* [WORK REQUIRED]:
The answer should consist solely of the lines from the first one below through the line containing "7012817659 - 3M", copied exactly.

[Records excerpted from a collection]

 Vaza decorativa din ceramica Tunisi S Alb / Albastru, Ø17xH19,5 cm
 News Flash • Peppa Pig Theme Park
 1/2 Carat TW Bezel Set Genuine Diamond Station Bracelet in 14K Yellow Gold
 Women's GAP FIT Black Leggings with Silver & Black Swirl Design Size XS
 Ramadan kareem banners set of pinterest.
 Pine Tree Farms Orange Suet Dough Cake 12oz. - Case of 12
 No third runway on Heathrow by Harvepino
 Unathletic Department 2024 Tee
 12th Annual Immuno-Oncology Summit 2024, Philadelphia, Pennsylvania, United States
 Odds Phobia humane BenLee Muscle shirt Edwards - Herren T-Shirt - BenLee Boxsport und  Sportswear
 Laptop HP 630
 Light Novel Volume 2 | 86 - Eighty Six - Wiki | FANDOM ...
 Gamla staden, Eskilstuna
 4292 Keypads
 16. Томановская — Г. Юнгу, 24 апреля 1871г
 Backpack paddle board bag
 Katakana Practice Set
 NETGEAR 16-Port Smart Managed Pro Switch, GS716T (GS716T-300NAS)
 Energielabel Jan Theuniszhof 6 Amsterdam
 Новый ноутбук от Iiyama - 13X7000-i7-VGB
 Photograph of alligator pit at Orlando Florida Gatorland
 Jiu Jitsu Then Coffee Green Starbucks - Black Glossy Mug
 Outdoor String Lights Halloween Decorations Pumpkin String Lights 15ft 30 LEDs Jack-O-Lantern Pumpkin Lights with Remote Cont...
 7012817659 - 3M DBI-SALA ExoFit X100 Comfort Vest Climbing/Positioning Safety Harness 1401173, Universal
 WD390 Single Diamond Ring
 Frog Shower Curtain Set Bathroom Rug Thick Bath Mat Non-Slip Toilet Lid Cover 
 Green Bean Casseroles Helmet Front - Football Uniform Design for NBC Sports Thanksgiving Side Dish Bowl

* [RESULT FOR THIS EXERCISE]:
 Vaza decorativa din ceramica Tunisi S Alb / Albastru, Ø17xH19,5 cm
 News Flash • Peppa Pig Theme Park
 1/2 Carat TW Bezel Set Genuine Diamond Station Bracelet in 14K Yellow Gold
 Women's GAP FIT Black Leggings with Silver & Black Swirl Design Size XS
 Ramadan kareem banners set of pinterest.
 Pine Tree Farms Orange Suet Dough Cake 12oz. - Case of 12
 No third runway on Heathrow by Harvepino
 Unathletic Department 2024 Tee
 12th Annual Immuno-Oncology Summit 2024, Philadelphia, Pennsylvania, United States
 Odds Phobia humane BenLee Muscle shirt Edwards - Herren T-Shirt - BenLee Boxsport und  Sportswear
 Laptop HP 630
 Light Novel Volume 2 | 86 - Eighty Six - Wiki | FANDOM ...
 Gamla staden, Eskilstuna
 4292 Keypads
 16. Томановская — Г. Юнгу, 24 апреля 1871г
 Backpack paddle board bag
 Katakana Practice Set
 NETGEAR 16-Port Smart Managed Pro Switch, GS716T (GS716T-300NAS)
 Energielabel Jan Theuniszhof 6 Amsterdam
 Новый ноутбук от Iiyama - 13X7000-i7-VGB
 Photograph of alligator pit at Orlando Florida Gatorland
 Jiu Jitsu Then Coffee Green Starbucks - Black Glossy Mug
 Outdoor String Lights Halloween Decorations Pumpkin String Lights 15ft 30 LEDs Jack-O-Lantern Pumpkin Lights with Remote Cont...
 7012817659 - 3M DBI-SALA ExoFit X100 Comfort Vest Climbing/Positioning Safety Harness 1401173, Universal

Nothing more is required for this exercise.